Bracket Orders Cancelled After NT8 Restart — Any Solution for Managed Strategies?

Bracket Orders Cancelled After NT8 Restart — Any Solution for Managed Strategies?

I’m running a fully automated NinjaScript managed strategy on MNQ futures from a Chicago VPS. The strategy uses 3 contracts with multi-target exits (TP1/TP2/TP3), each with its own SetStopLoss() and SetProfitTarget() bracket.

[The Problem]

I experience intermittent connection drops on my VPS (1-2 times per day, Tradovate connection). When this happens and NT8 needs to be restarted, all bracket orders on existing positions get cancelled. The historical recalculation during restart fails to match the original orders because even a small price/timing difference causes a mismatch — and NT8 cancels any unmatched orders.

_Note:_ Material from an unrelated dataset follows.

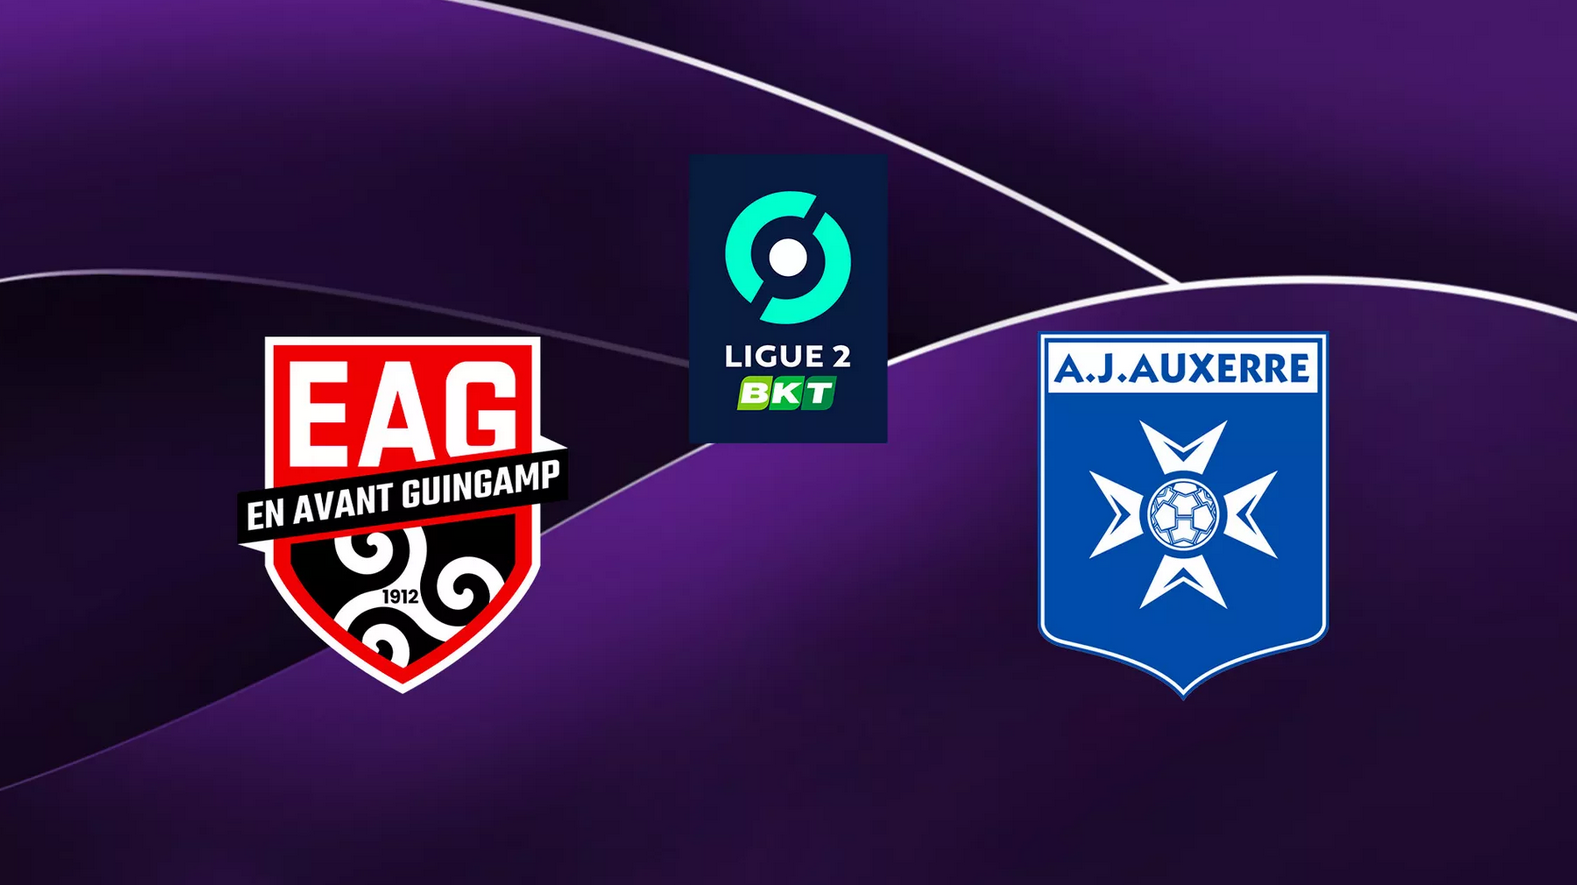 Guingamp (EAG) / Auxerre (AJA) (TV/Streaming) Sur quelle chaîne et à quelle heure regarder la rencontre de Ligue 2 ?

This leaves open positions completely unprotected. No stop loss, no profit target. For anyone running automated strategies on futures overnight, this is a critical risk.

[What I’ve Tried]

I’ve tested every Start Behavior option:

  • AdoptAccountPosition: position is recognized, but SetStopLoss()/SetProfitTarget() do NOT work on adopted positions in Managed approach (confirmed via Sim testing and NT8 support responses)
  • Immediately Submit / Immediately Submit, Synchronize Account: bracket matching fails due to price mismatch during historical recalculation
  • Wait Until Flat: no recovery at all

None of these preserve the original bracket orders after a restart.

[Current Workaround]

My only option right now is to detect the restart and immediately market-close all positions. This prevents unprotected exposure, but it also cuts winners short and locks in unnecessary losses. It’s a defensive measure, not a real solution.

[What I’m Looking For]

  1. Is there any way in Managed approach to preserve or re-establish bracket orders on an adopted position after NT8 restart?
  2. Has anyone solved this without converting the entire strategy to Unmanaged approach?
  3. Are there any other workarounds or third-party solutions that address this?
  4. For those who converted to Unmanaged approach: does SubmitOrderUnmanaged() reliably handle OCO grouping, position tracking, and order modification (ChangeOrder) in live trading? Any unexpected issues or limitations compared to Managed approach?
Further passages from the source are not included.